Reproduce the listing exactly, with no pictures in your copy.

··· Recorded information ···

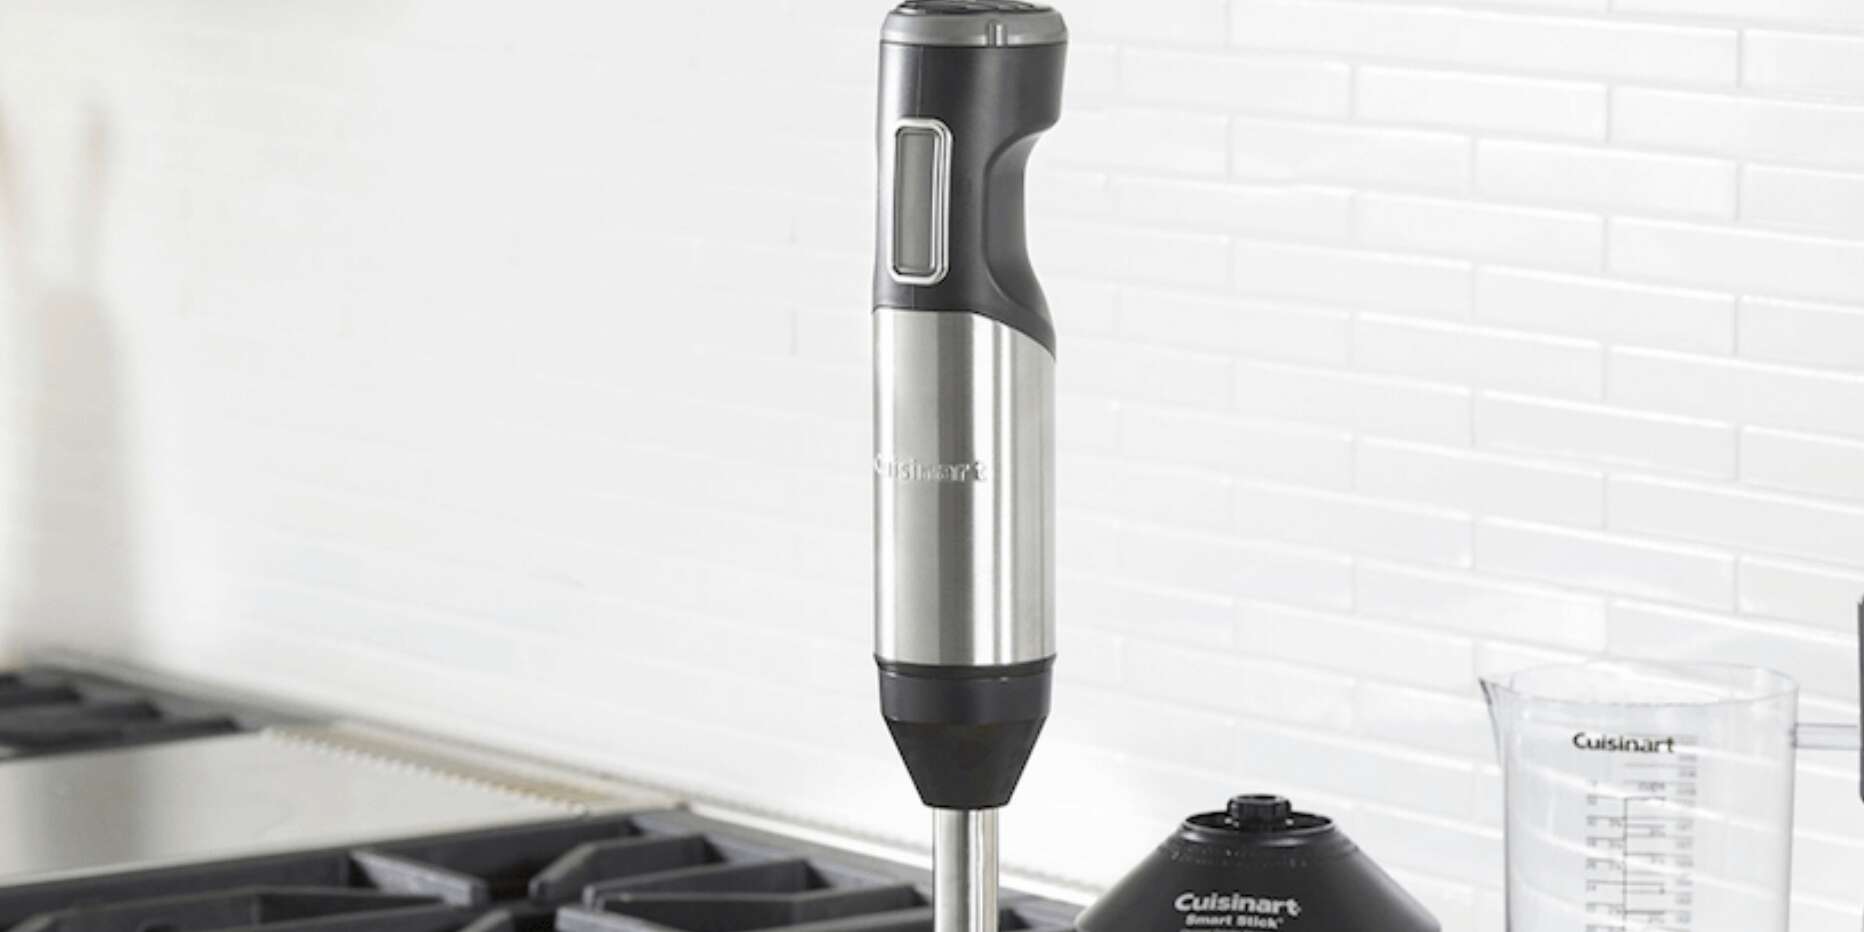 WHEN TO USE A HAND BLENDER?
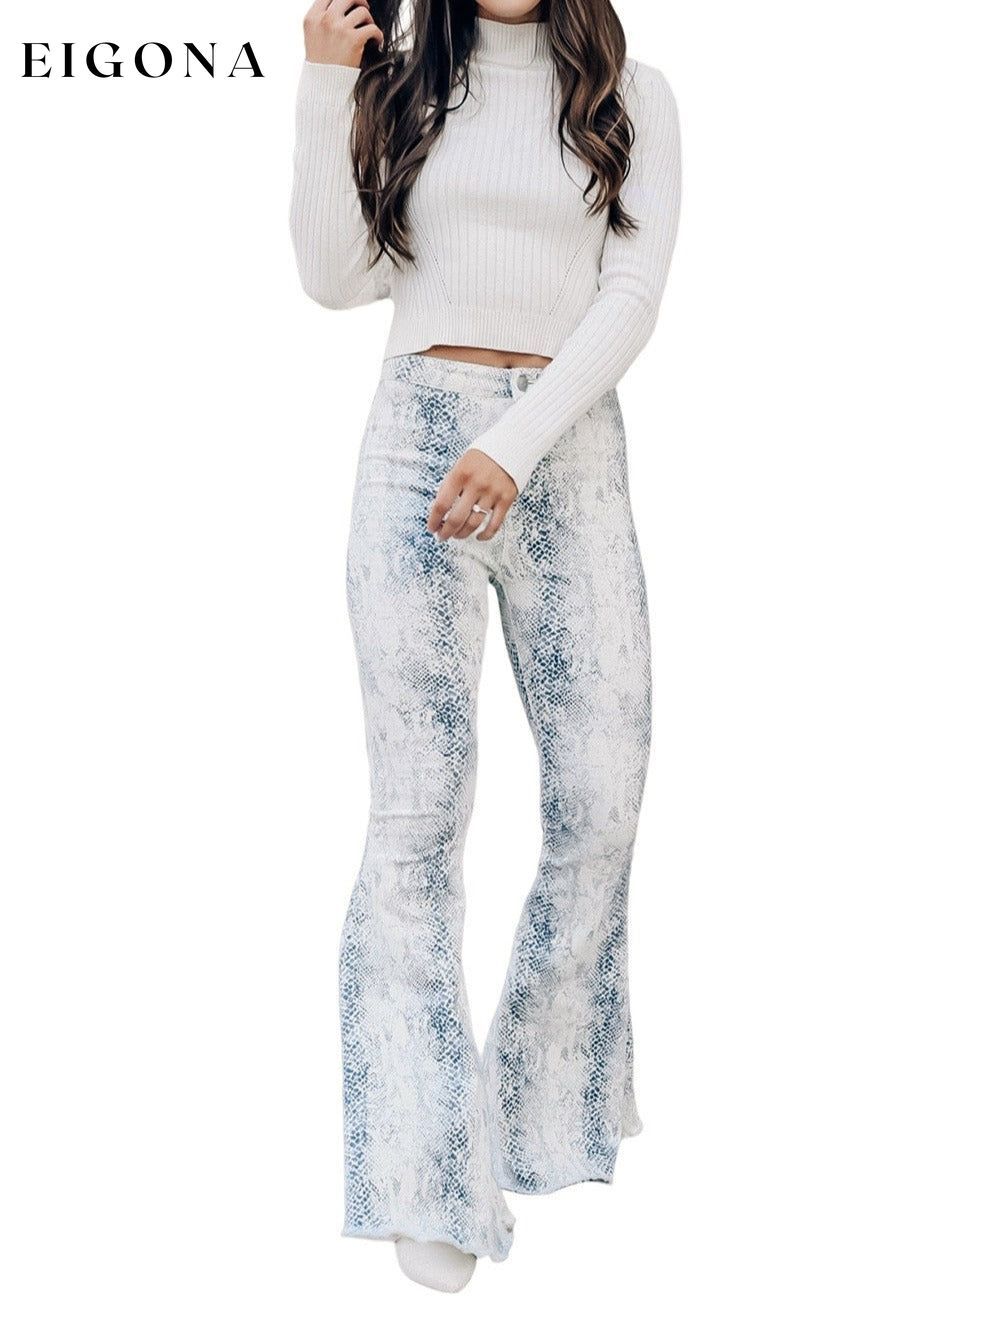 White Western Fashion High Waist Snakeskin Print Flare Pants All In Stock bottoms clothes Flare Jeans Jeans Occasion Daily pants Season Fall & Autumn Silhouette Flare Style Western wide leg pants
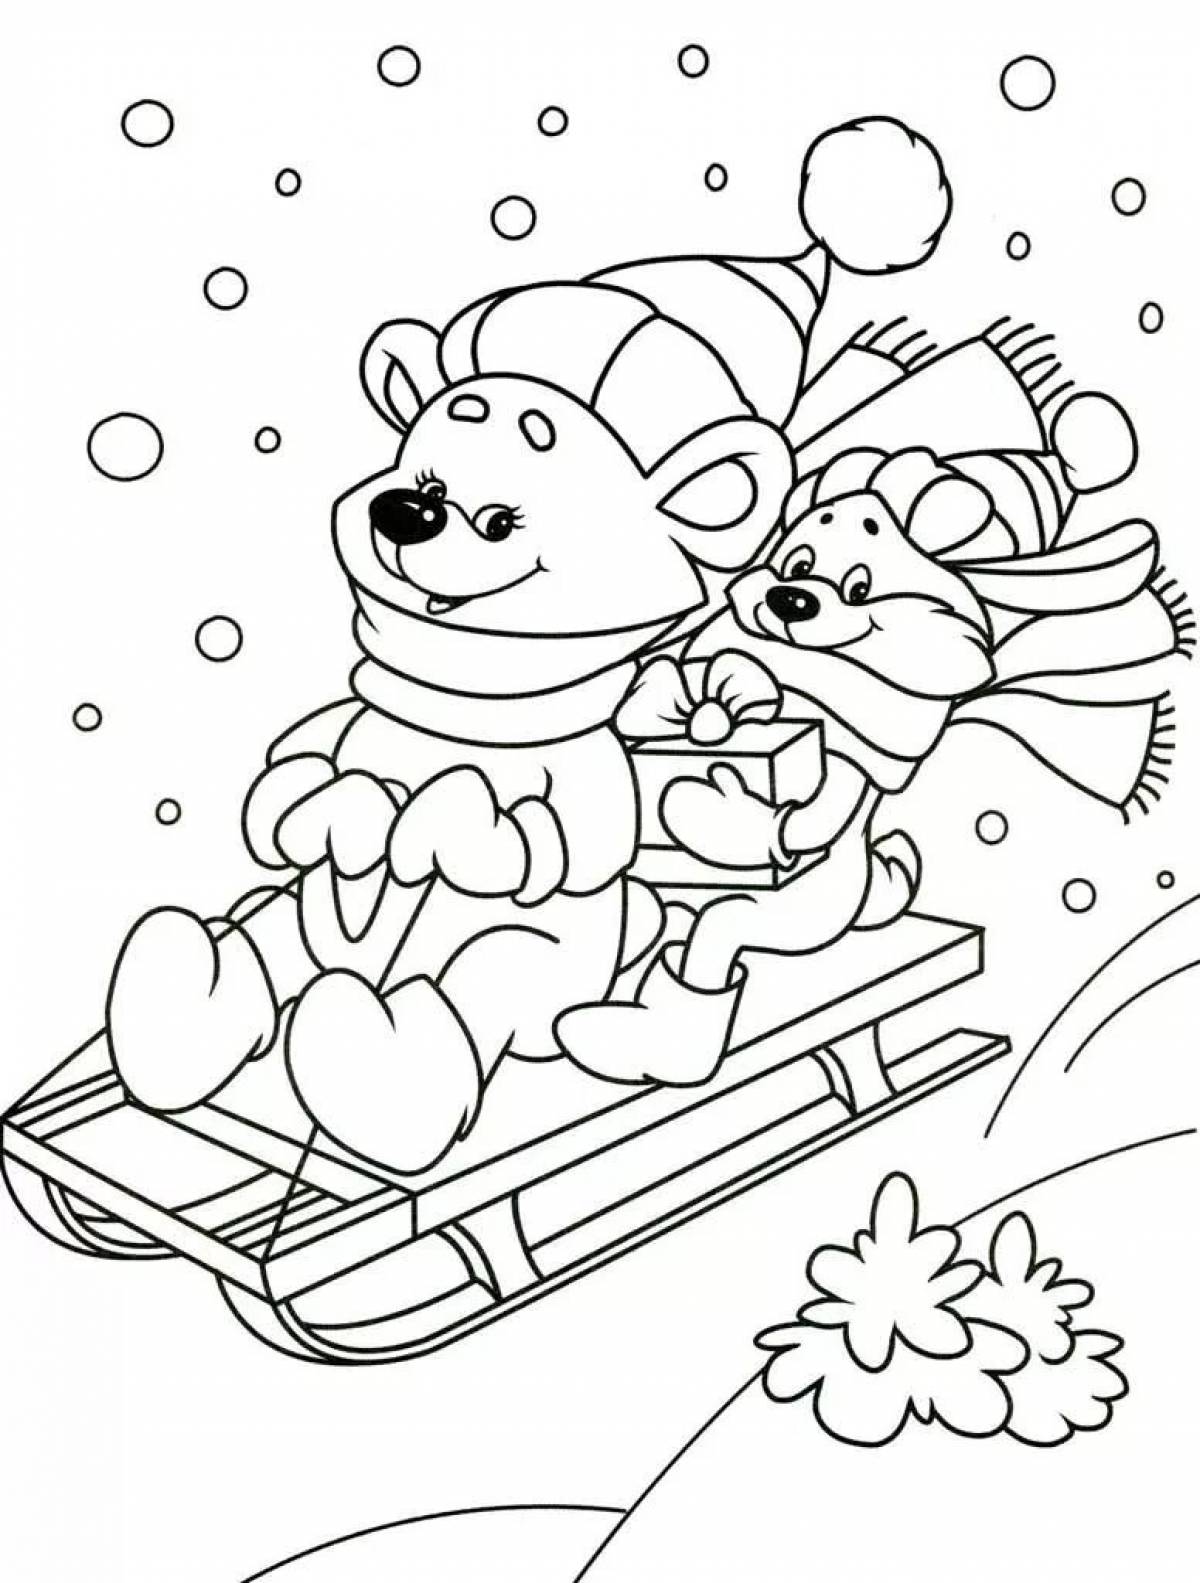 Extravagant Christmas coloring book
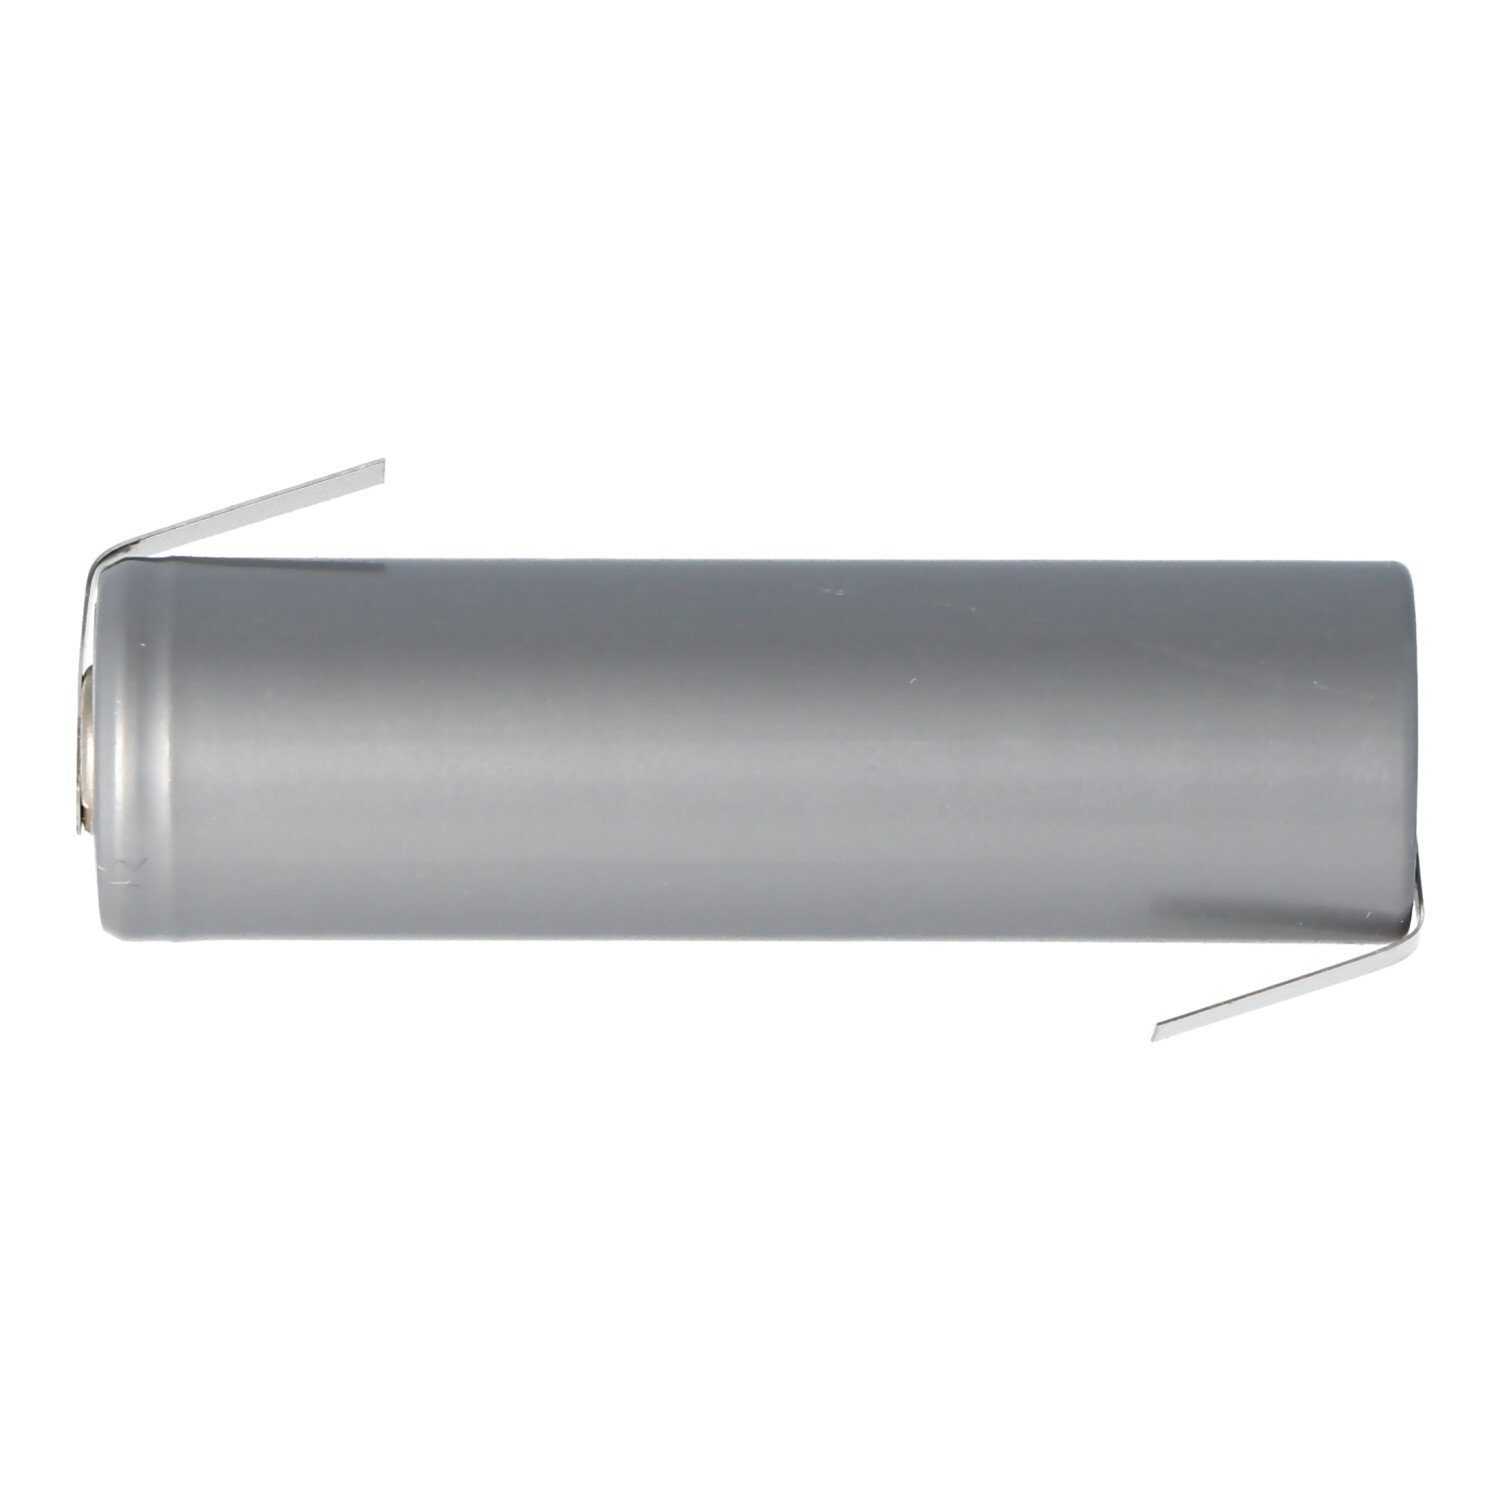 in AA V) Zelle 2100mAh Akku HHR2200 Mignon (1,2 mAh AccuCell mit Z-Form AccuCell 2100 Lötfahne

···

Completed task
 WHEN TO USE A HAND BLENDER?
 White Western Fashion High Waist Snakeskin Print Flare Pants All In Stock bottoms clothes Flare Jeans Jeans Occasion Daily pants Season Fall & Autumn Silhouette Flare Style Western wide leg pants
 Extravagant Christmas coloring book
 in AA V) Zelle 2100mAh Akku HHR2200 Mignon (1,2 mAh AccuCell mit Z-Form AccuCell 2100 Lötfahne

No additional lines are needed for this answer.